Further belying the attorney’s argument is the fact that the new laws of intestacy do not provide for first cousins twice removed to take in any circumstance. EPTL 4-1.1 (a) (7) contains the language for first cousins once removed to inherit, but the distribution is per capita, i.e., first cousins twice removed are cut off.

A word on intestate distribution and legislative intent needs to be voiced. As a practical matter, it is logical to assume that everything else being equal, a decedent will be closer, and more generous to heirs that he is familiar with than to those of whom he is unaware. When you reach the remoteness of first cousins once and twice removed, close feelings of family affection generally diminish. This is only natural. Recognizing this fact, the Legislature, in this court’s mind, decided to put into words what a decedent most likely harbors in his heart.
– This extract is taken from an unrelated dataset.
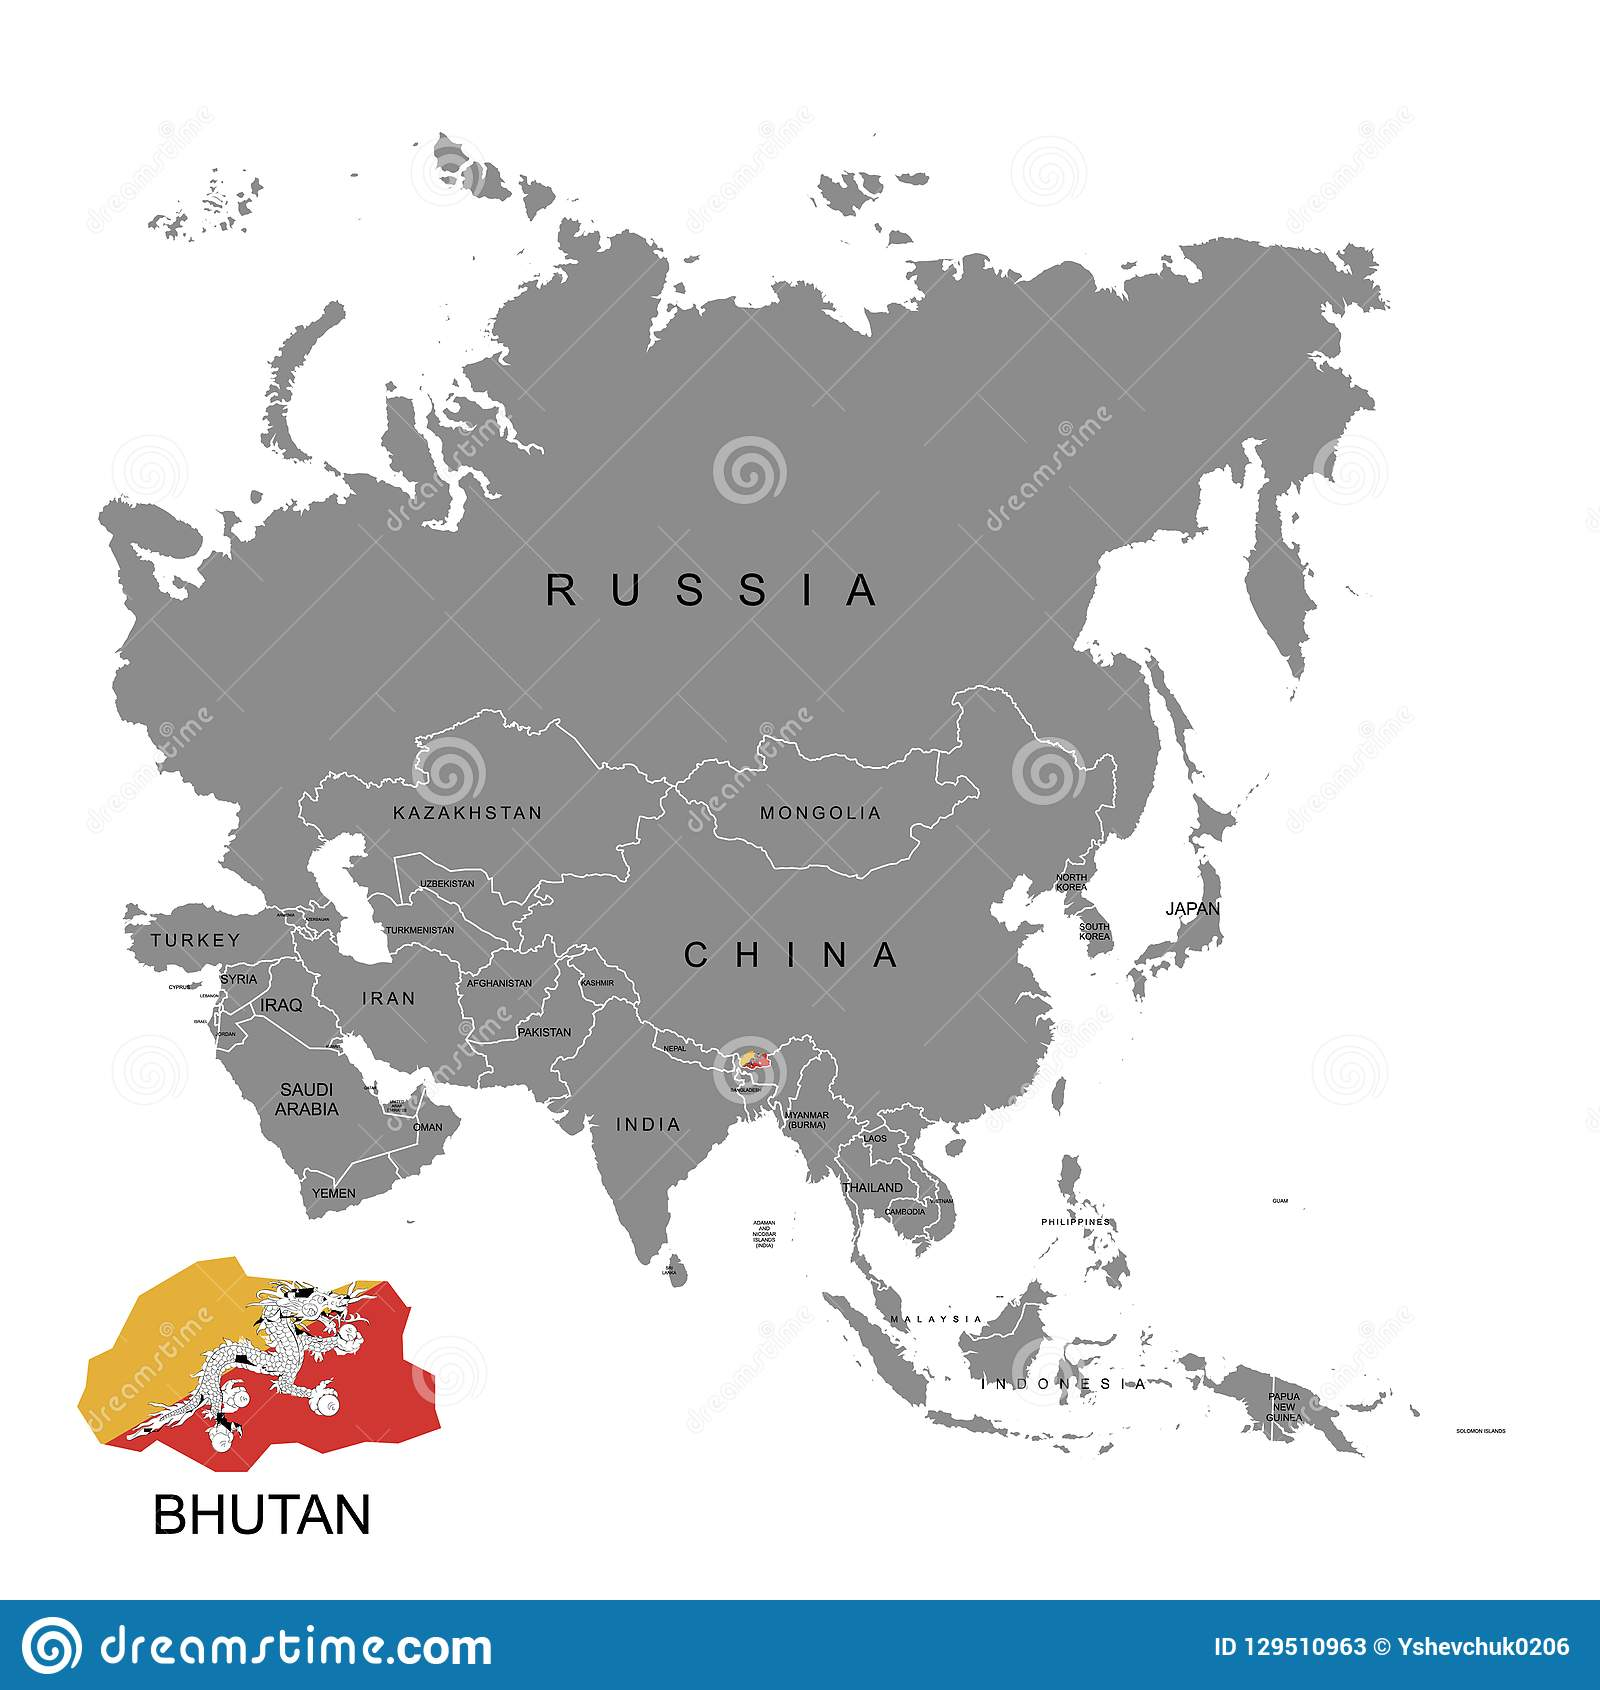 Territory Of Bhutan On Asia Continent  Flag Of Bhutan

It should also be noted that determining and finding remote heirs becomes a tedious and costly task, and placing limits on the levels of distribution is not only efficient but economical.

The only case cited by the attorney for the first cousins once removed is Matter of Donohue (163 Misc 2d 537). In that case Surrogate Roth determined that the decedent’s entire estate was distributable to two maternal first cousins, thereby excluding several first cousins once removed on the paternal side. In spite of what appears to be a ruling adverse to his position, the attorney applies the same convoluted logic that he uses in the "2-stage” example listed above. His reading of Donohue is rejected.
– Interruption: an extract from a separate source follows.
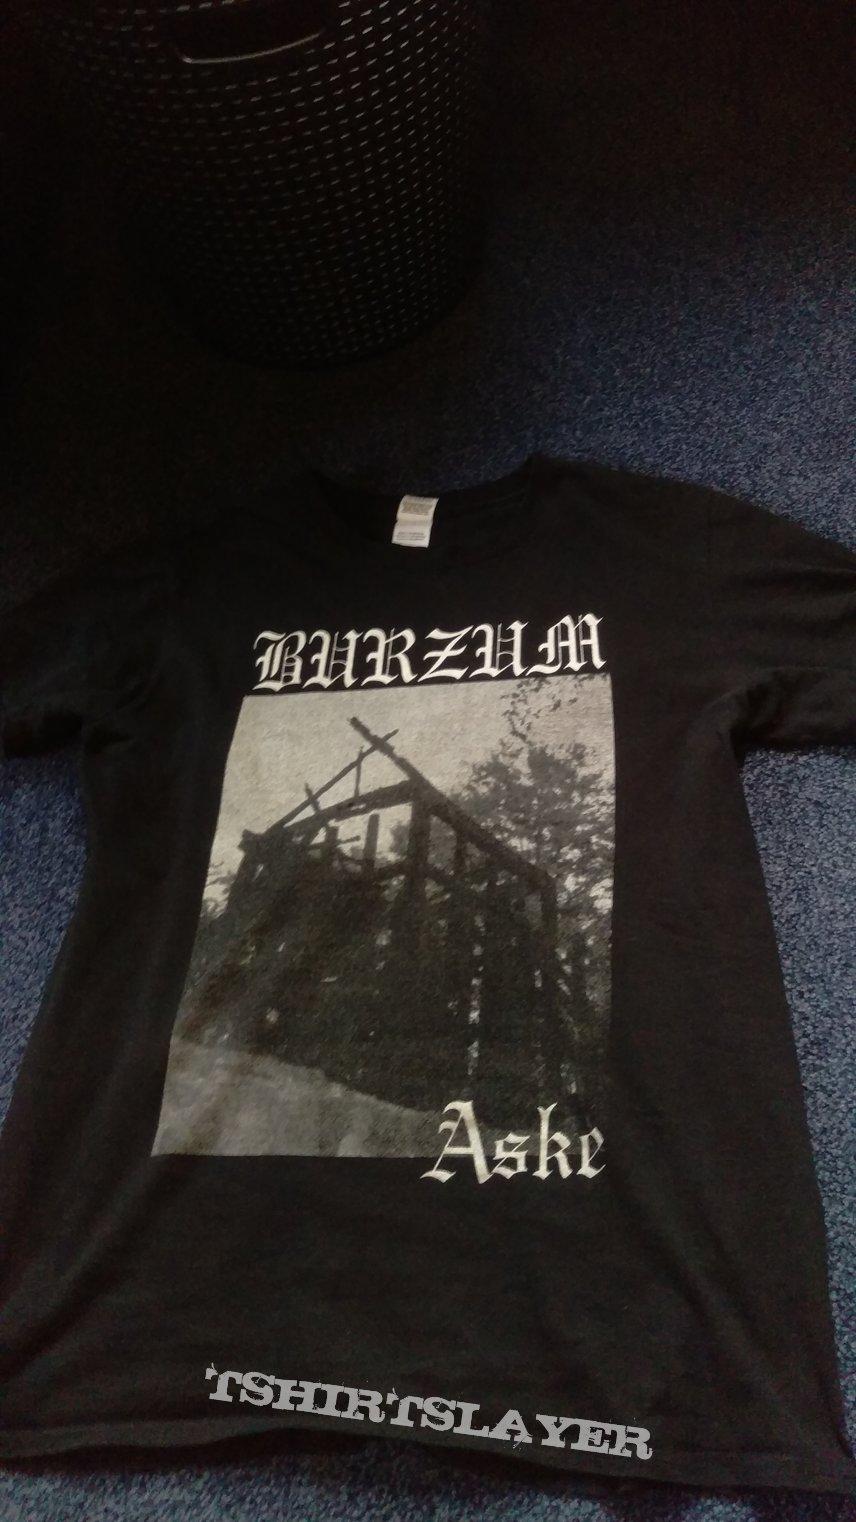 Burzum - Aske shirt

Finally, counsel argues legislative intent and cites the First Report of the EPTL Advisory Committee as support for his position. However, he has failed to submit the report or any similar authority to buttress his argument. His conclusory comments are insufficient to prove legislative intent.
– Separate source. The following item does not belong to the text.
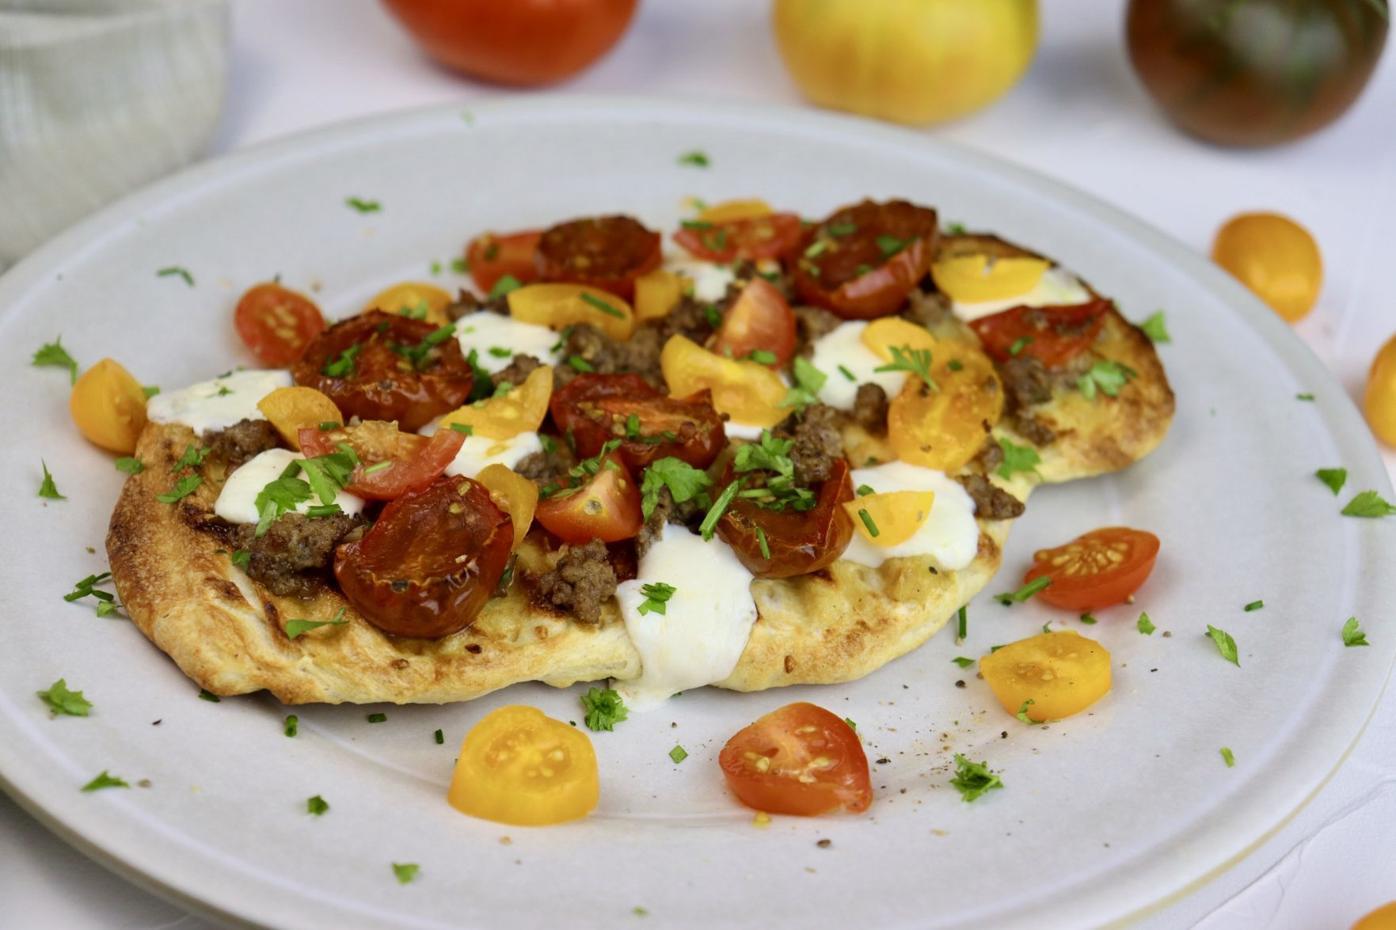 Tomato, Ground Beef and Mozzarella Flatbread

In spite of a cogent (and intellectually stimulating) argument by the attorney for the first cousins once removed, the court finds that, pursuant to EPTL 4-1.1 (a) (6), the entire estate is distributable to the maternal first cousins. The guardian ad litem has filed his report and has not embraced the objectant’s position.

Attorney’s fees for the attorney employed by the Public Administrator are fixed and determined in the amount *976requested for all legal services rendered and to be rendered inclusive of those through the settling of the final decree and distribution thereunder. Proper disbursements may be taxed as costs.